Chapter 1
Roslin Castle, Midlothian, May 1380
Smile, Adela. A bride should look happy on her wedding day!"
Lady Adela Macleod turned slightly to face her younger sister, Sorcha, who was certainly beaming brightly enough for both of them. But although she tried to obey the command, she knew the attempt was feeble at best.
She had hoped that her second wedding, unlike her first, might proceed without undue fuss or drama.

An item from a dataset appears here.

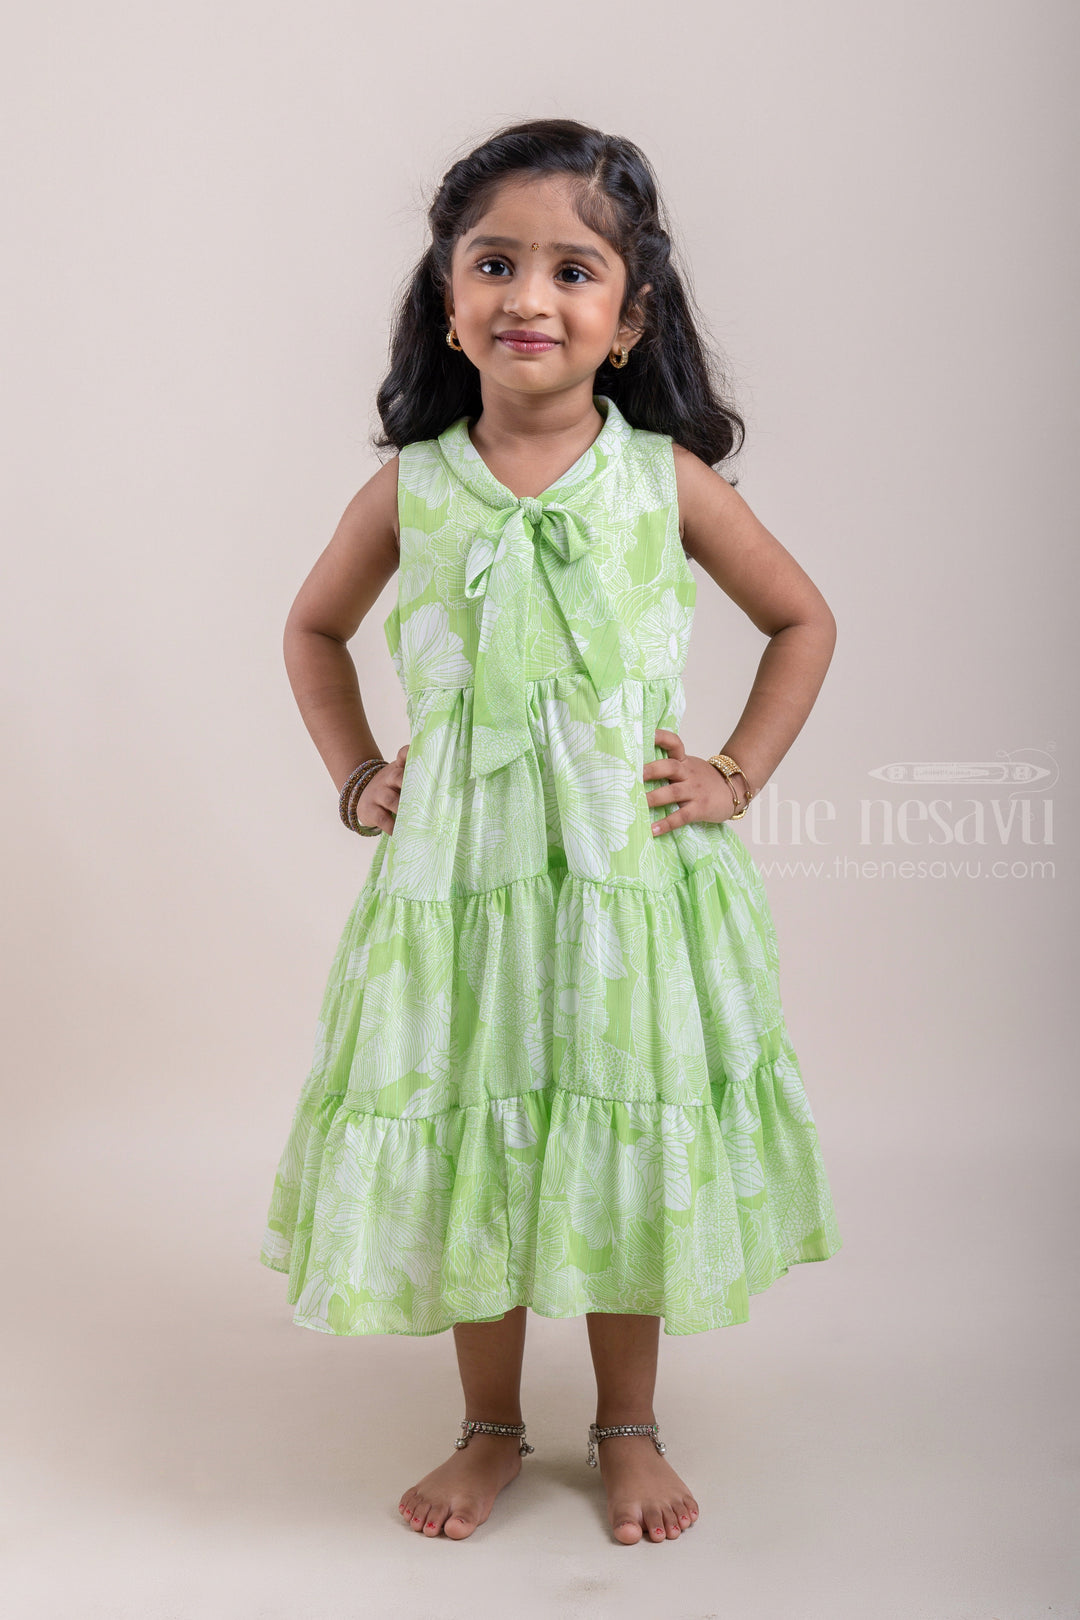 The Nesavu Frocks & Dresses Monochrome Green Tropical Floral Printed N Layered A-Line Frock with Tie-Up Rope For Babys psr silks Nesavu 16 (1Y) / Green / Georgette GFC1090A

But although she could still hope to avoid the sort of drama that had attended her first one, there had already been far more fuss and ado than she liked, and she knew that before the day was over, there would be more.
Not only were there now two brides and bridegrooms instead of a single couple but when one's hostess was a powerful countess in her own right, one had to expect such an occasion to merit extraordinary pomp and circumstance. And when one's younger sister had married the countess's favorite nephew by declaration little more than a sennight ago, one could scarcely cavil when the fond aunt one's own fond parent insisted on a double wedding to sanctify both marriages properly.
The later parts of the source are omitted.